The graph neural network model is trained by using a supervised learning method, the characteristics of the SQL graph are input, and the output is a risk score and the predicted value of other related tasks, such as the execution time of SQL sentences, the data access amount and the like.

In each dynamic graph convolution layer, dynamically updating a weight matrix according to the current hidden states of the nodes and the edges, wherein the calculation mode is as follows:

Where W ^(l) represents the weight parameters in the picture volume layer of the first layer, f is a learning function for dynamically calculating W ^(l) based on the current hidden states of the nodes and edges, The hidden state of the node v at the first layer is represented, and the characteristic representation of the node v after the previous layer of graph rolling lamination processing is represented.The hidden state of the node u at the first layer is represented, and the characteristic representation of the node u after the previous layer of graph rolling lamination processing is represented. Node u is one of the nodes adjacent to node v, and e _uv represents a feature vector of an edge between nodes u and v, and contains information describing characteristics of the edge uv, such as direction, type, weight, etc. of the edge.
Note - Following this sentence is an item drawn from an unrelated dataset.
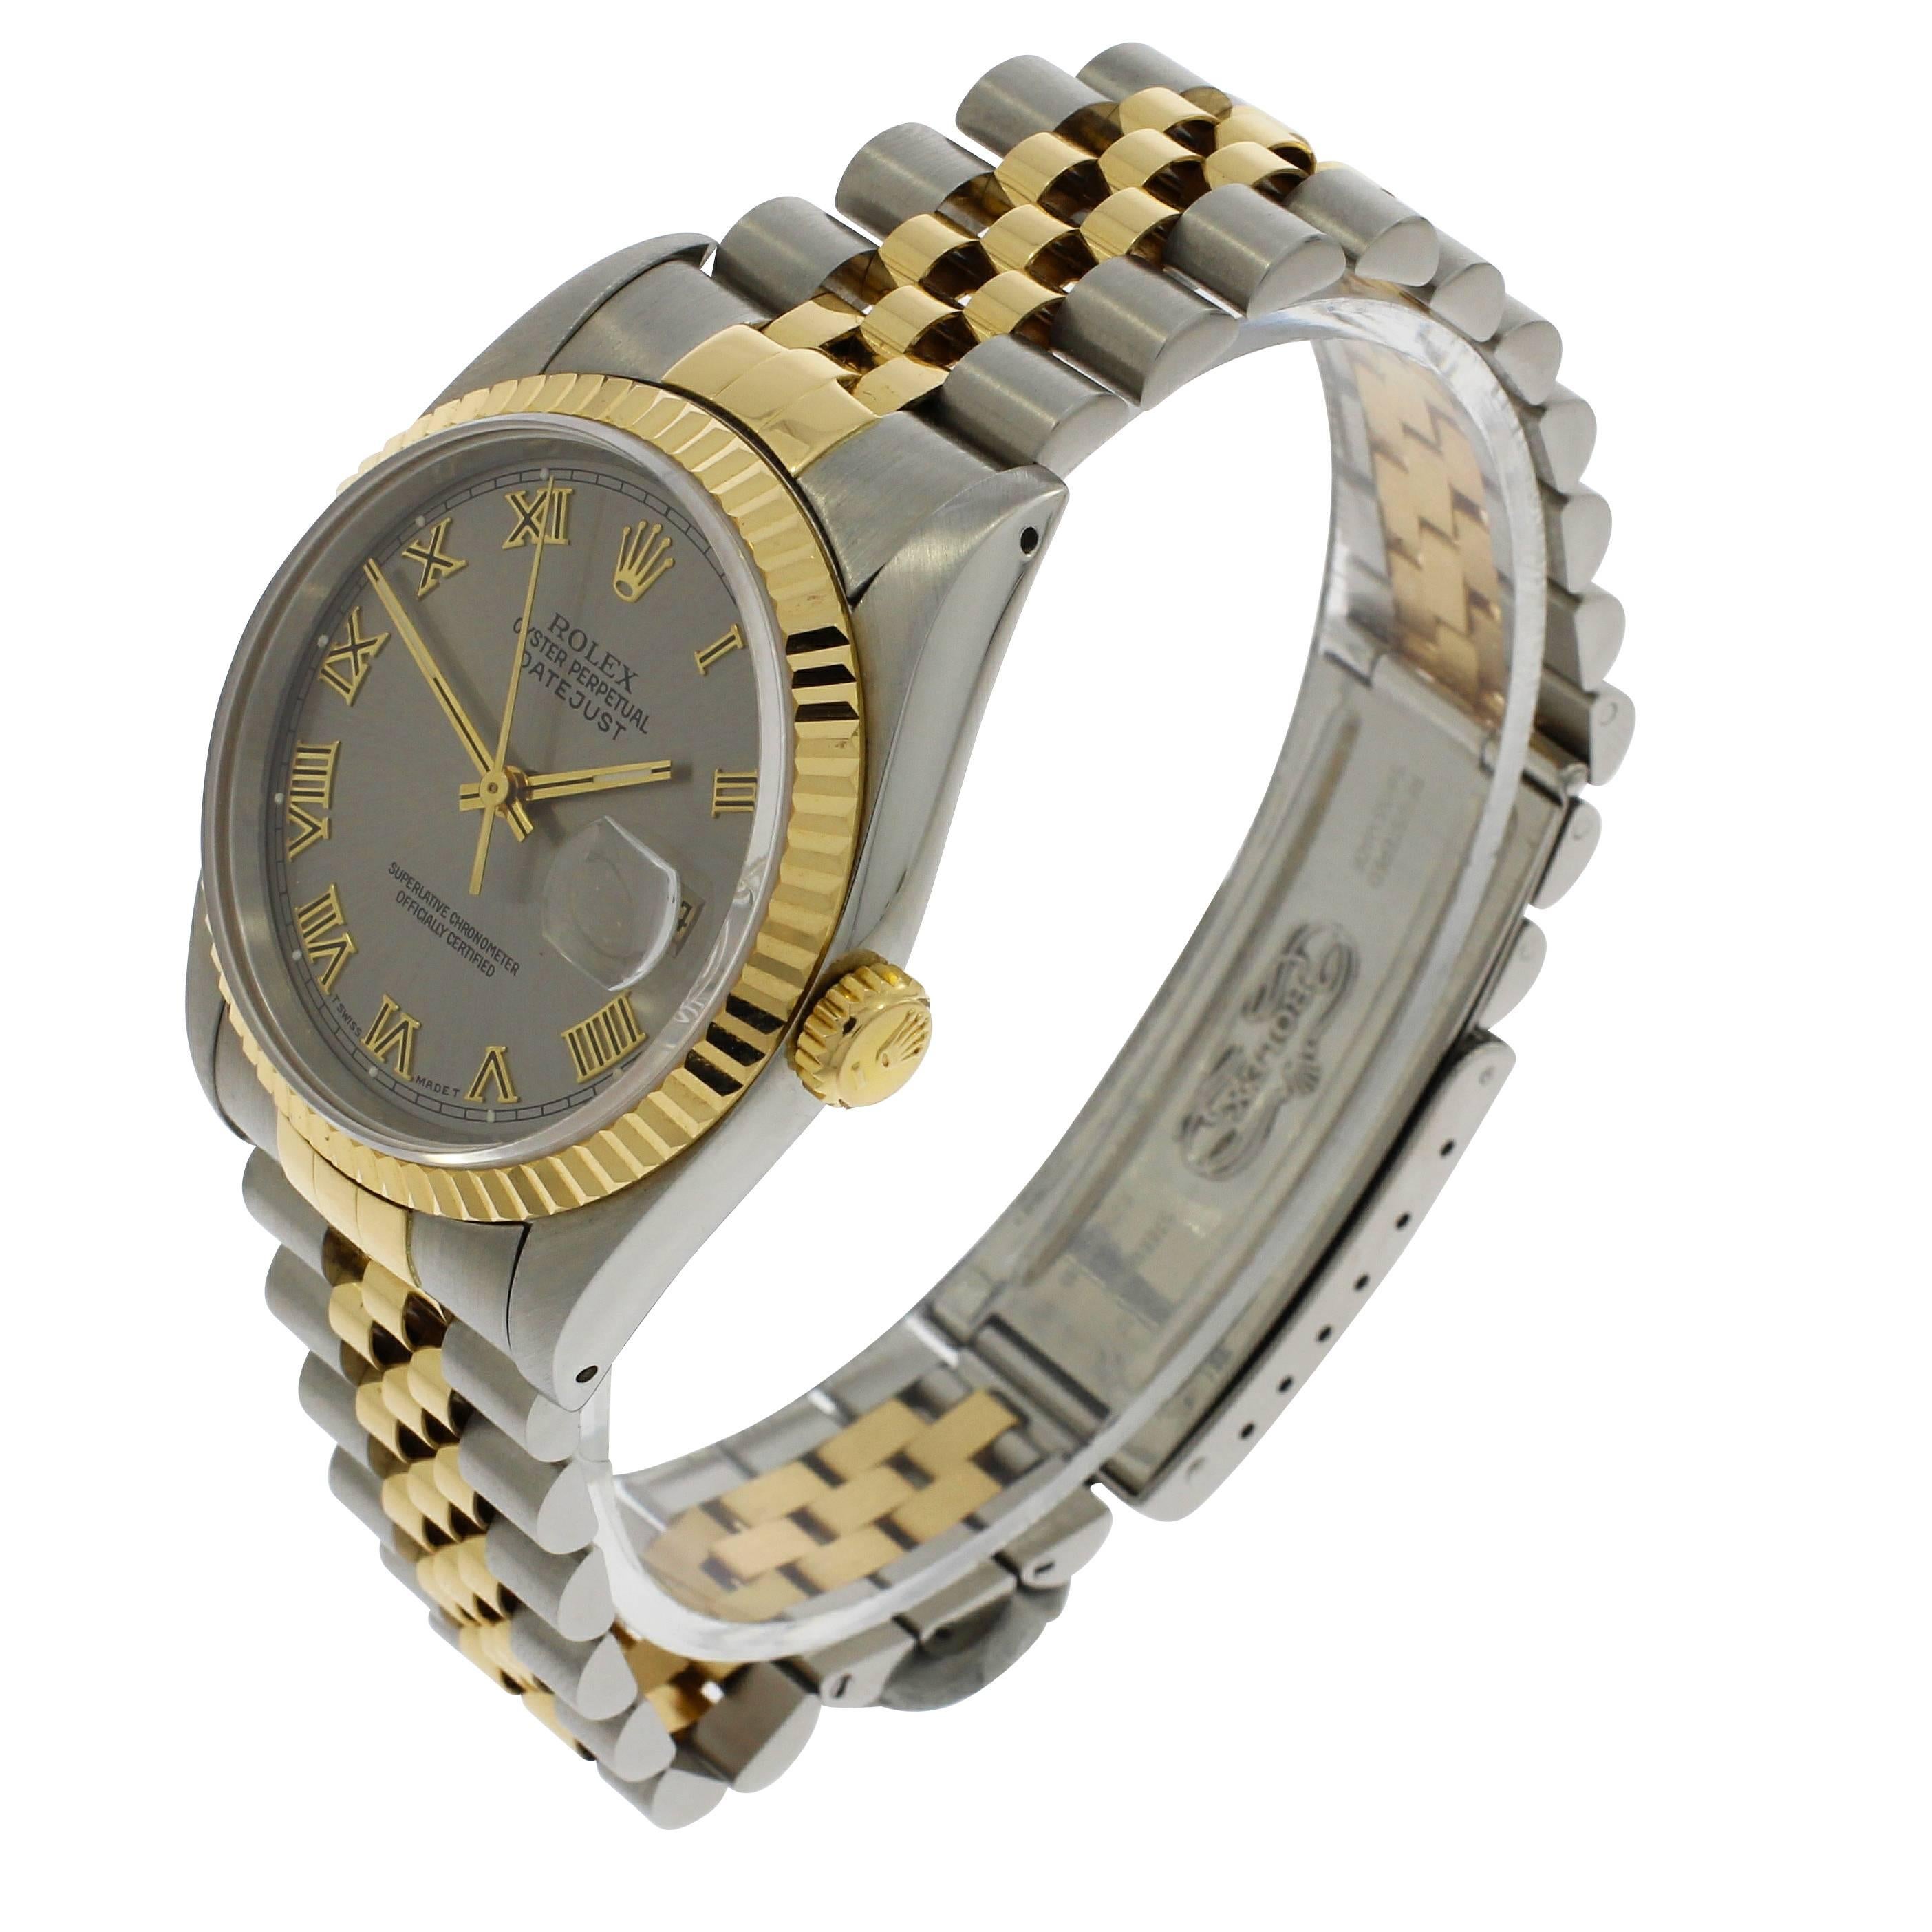 Rolex Yellow Gold Stainless Steel Datejust Wristwatch Ref 16233, 1990 In Excellent Condition For Sale In Epsom, Surrey

To better capture long-range dependencies between nodes, self-attention mechanisms are introduced in the graph neural network model. The self-attention coefficient of node v can be calculated using the following formula

Where W, W ₁, and W ₂ are learnable weight vectors and weight matrices,AndIs the hidden state of node v at different layers, the softmax function is used to normalize the attention coefficient, and the tanh function is used for nonlinear mapping.

And adding a plurality of output nodes at the last layer of the multi-layer sensor, and using a shared hidden layer to realize multi-task learning.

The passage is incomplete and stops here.